Los remeros iban sentados en sus bancadas disfrutando del descanso y, sin duda, planeando cómo hacerse de nuevo con el barco. Llamé a mis dos hombres y les dije directamente:

—Vamos a pasar la noche en la mar. Y la dotación tratará de eliminarnos cuando se haga demasiado oscuro para ver.

Lejtes se estremeció. Idomeneo sonrió con una expresión maníaca. El combate naval lo había cambiado. Con sus débiles muñecas y exagerados hábitos de niño bonito, estaba haciéndose un hombre duro. Y él lo sabía y le gustaba.

—Dejémosles que vengan —dijo—. No hay diez hombres entre ellos.

Yo negué con la cabeza.

—Los diez hombres que mates son los mismos que necesitamos para llegar vivos a Lesbos —dije yo.

Lejtes movió la cabeza.

—¿Qué hacemos, entonces?

—Hagamos que los cretenses se levanten y vayan armados. Después, iremos de acá para allá, confiadamente, y veremos si merece la pena tener a algunos de los griegos. Si encontráis a un hombre que os guste, enviadlo a popa mientras haya luz todavía.
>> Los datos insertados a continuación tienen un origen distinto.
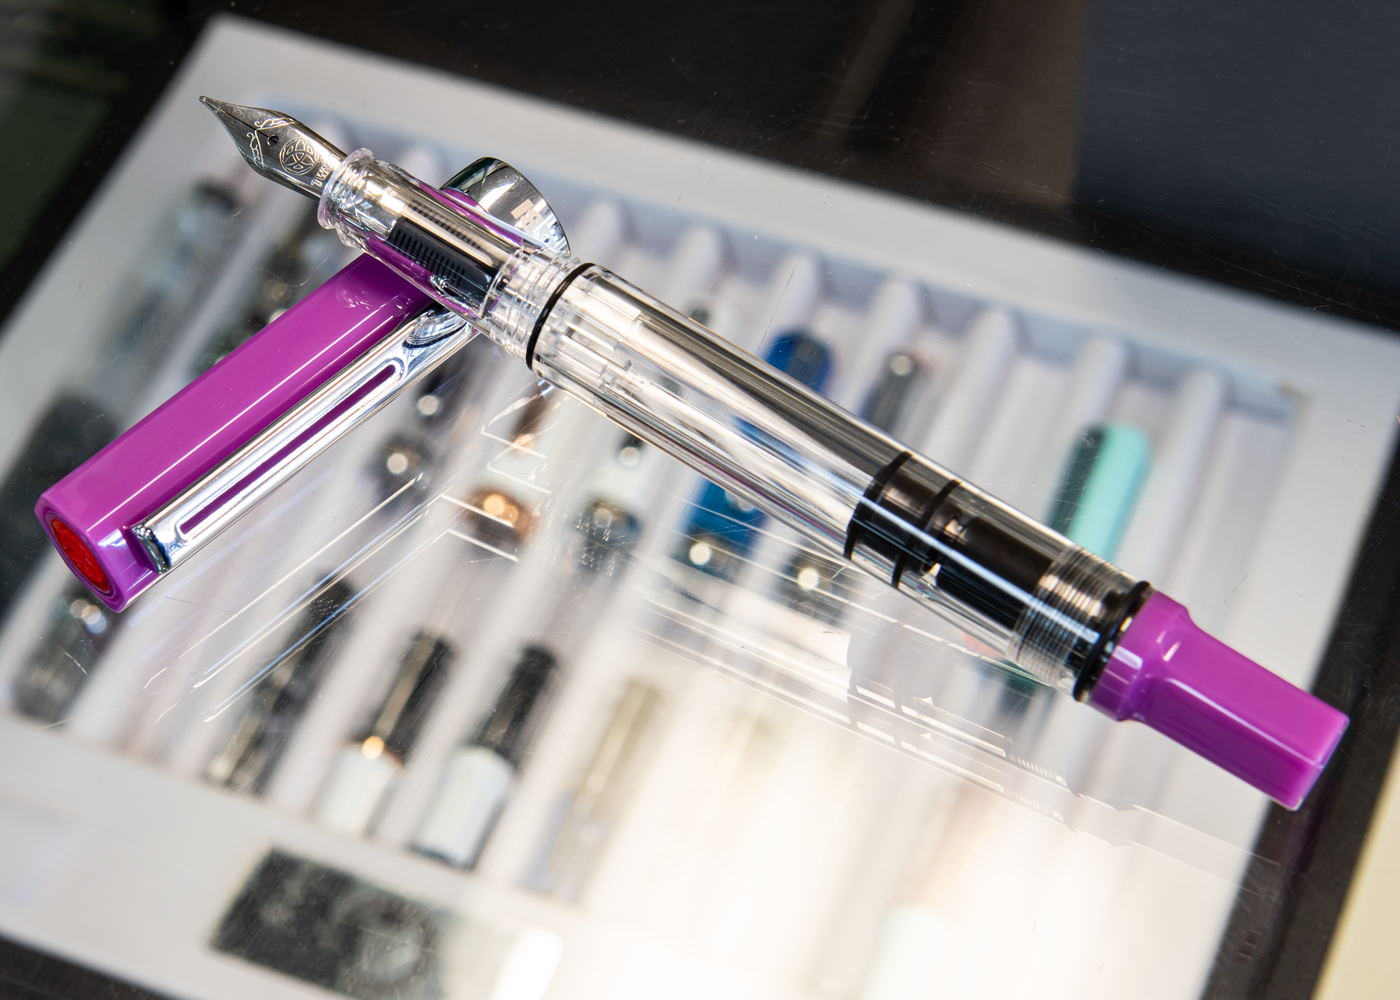 These pens feature a large ink reservoir and piston refill mechanism.  These are well  know to be affordable high quality writing instruments and with their large ink capacity a great pen to start with.

Los dos hombres se retiraron, armaron a la dotación cretense y empezaron a recorrer el barco. Estoy seguro de que ninguna de vos, damas bien alimentadas, habéis estado nunca en un buque de guerra, por lo que os diré cómo es en la mar. Un trirreme tiene tres cubiertas de remeros; en realidad, no son cubiertas, sino tres niveles de bancadas con un espacio para arrastrarse entre ellos. A los hombres les lleva tiempo llegar a las bancadas y salir de ellas. Hay un único pasillo, del ancho de los hombros de un hombre, que va de proa a popa del barco. En un buque ateniense, hay una plataforma de mando en medio de la nave. Algunos orientales hacen lo mismo y otros construyen un pequeño puente a popa, para el piloto. Con independencia de esto, el piloto se sienta en la popa entre sus dos timones de espadilla, que, en un buque moderno, están unidos con una tira de bronce o hierro. El es el auténtico comandante del barco, y la voz del piloto es la que obedecen los demás oficiales, la tripulación del puente. A las órdenes del piloto están el jefe de remeros, que mantiene el orden y cuenta el tiempo, y el maestre de navegación, que se encarga de los dos mástiles, el palo mayor y el trinquete, que está más adelante, a proa, y de sus velas. El resto de la tripulación del puente controla las velas, mantiene a raya a los remeros y constituye una reserva de mano de obra. En los barcos cretenses, sirven también como infantes de marina extra. Después están los infantes de marina, por regla general, ciudadanos hoplitas.

El noble Aquiles no me envió a ningún infante de marina. Tenía a doce de sus hombres como tripulación de puente, ninguno de los cuales era oficial. Rara vez había visto un grupo menos de fiar, y Troas se había vengado de mí por «corromper» a su hija —¡por los dioses, juré que me vengaría de él si alguna vez lo atrapaba!—: entre los timones, no había ningún hombre en quien se pudiera confiar. Probablemente, Nearco hubiese querido conseguirme los mejores hombres, pero los que llevaba eran los desechos, aquellos que nadie necesitaba, desperdicios humanos.

En todo caso, los prisioneros eran los mejores hombres. Tenía, al menos, a cuarenta fenicios y el doble de griegos capturados, Ni siquiera contaba con una dotación completa de remeros; no tenía hombres suficientes para la hilera inferior. Con buen tiempo habría sido suficiente, pero se acercaba una tormenta y al noble Aquiles le importaba un rábano que este barco superara la tormenta o no.

Bueno, había acumulado una pequeña fortuna con él y no pensaba morir en la mar. Y sin embargo, recuerdo haber pensado que, al menos en parte, había cumplido mi juramento y que eso significaba que, en cierto modo, podía morir tranquilo. Para ser sincero, ese pensamiento me relajó. Yo era de nuevo un hombre honorable.